MLM Related Work

Multi-Level Modeling

MLM Related Work

Meta Classes

In the Semantic Web, a metaclass is defined as a class whose instances are classes. Metaclasses are often mentioned in the literature [AtKu2003,BeHu2021,BrAl2016b,CaAl2011,GuAl2015,PiZi1994,Fran2014,AlMu2019]. They refer to conceptual modeling with RDF/RDFS, OWL, UML, OMG or in OOA/OOD etc. The layers are usually structured according to the following scheme: a knowledge entity is an instance of order 0, or a First-Order-Type/Class (1stOT). A second-Order-Type/Class (2ndOT) instantiates entities of 1stOT, a 3rdOT instantiates entities of 2ndOT etc. In section 5, we show that this kind of ordering is not relevant and superfluous within our approach, thus avoiding the potency for layer mistakes/errors.

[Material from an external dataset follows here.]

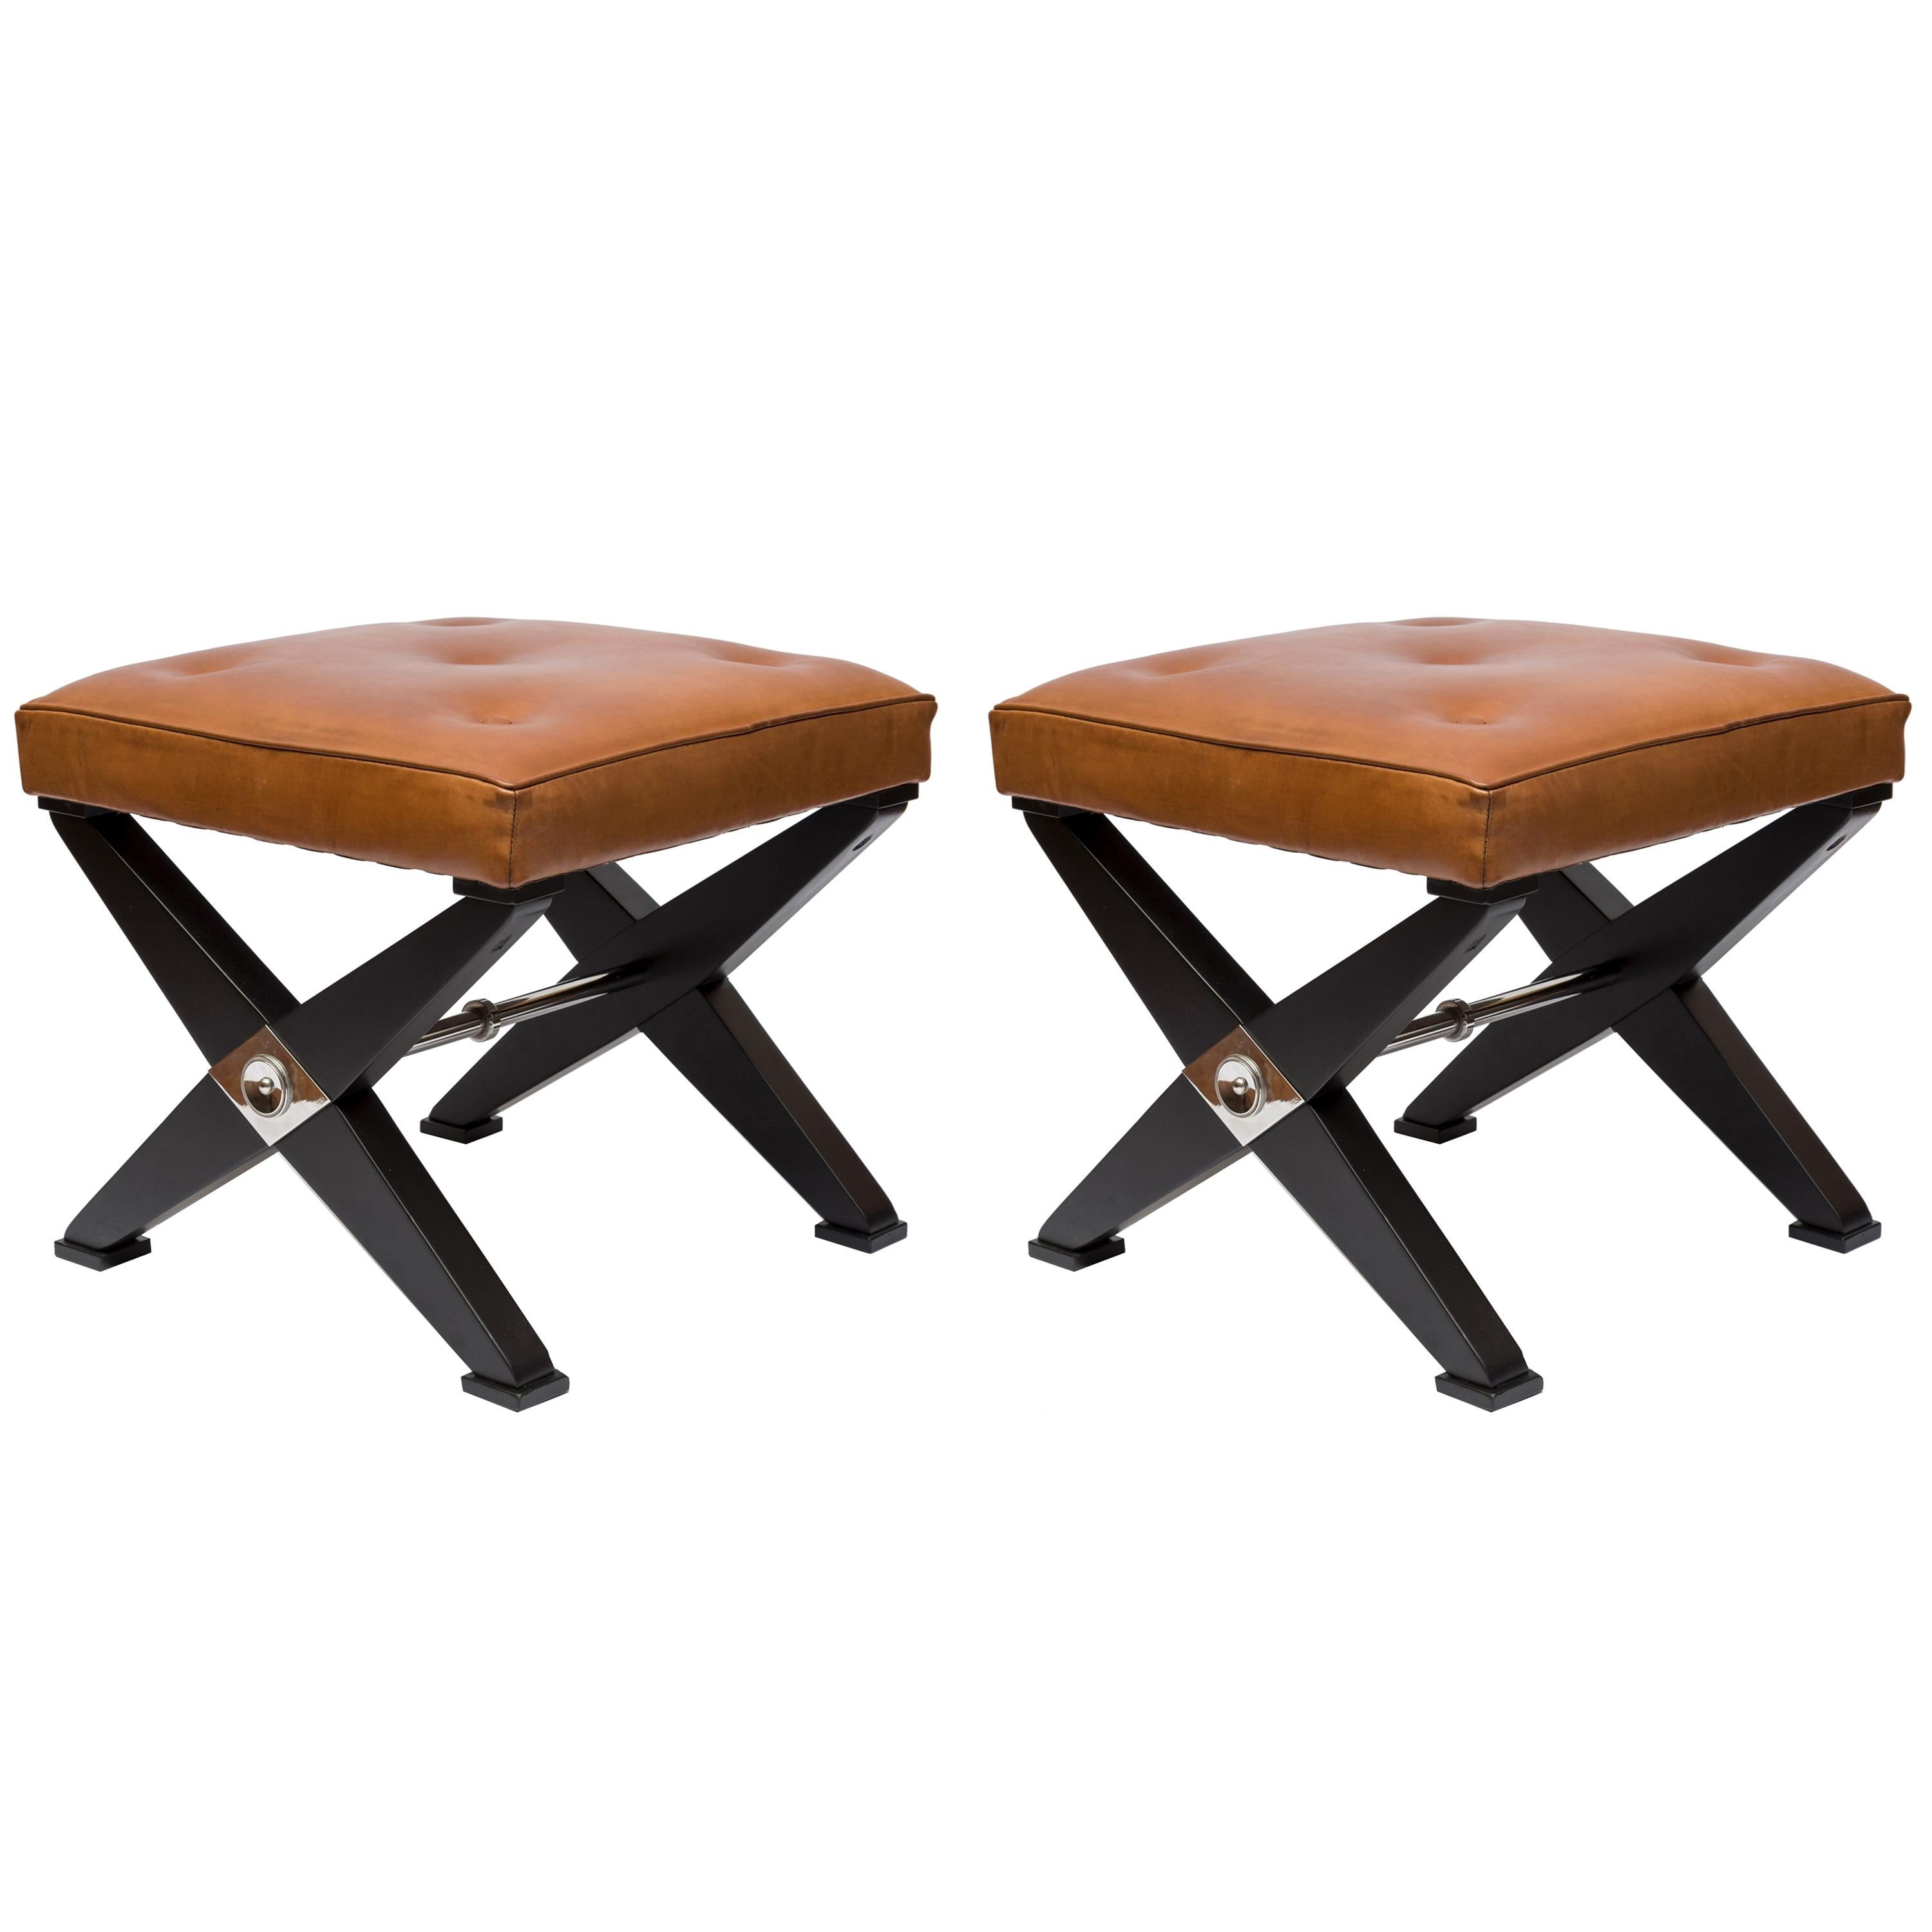 Pair of 1950s Neoclassic Stools in the Style of Jansen

Pan and Horrocks [PaHo2001] criticize: "RDF schema, as a schema layer Semantic Web Language, has a non-standard metamodeling architecture, lacks clear semantics, and is suitable for "layer errors": "Although class and subClassOf can be defined as resources in RDF, RDF provides neither a standard mechanism for declaring classes and (global) properties nor mechanisms for defining the relationships between properties and between classes. Some elements also have a dual role in the RDFS specification. This makes it difficult for modelers to understand and use them. They also find it confusing that rdfs:Class is a subclass of rdfs:Resource, while rdfs:Resource itself is also an instance of rdfs:Class".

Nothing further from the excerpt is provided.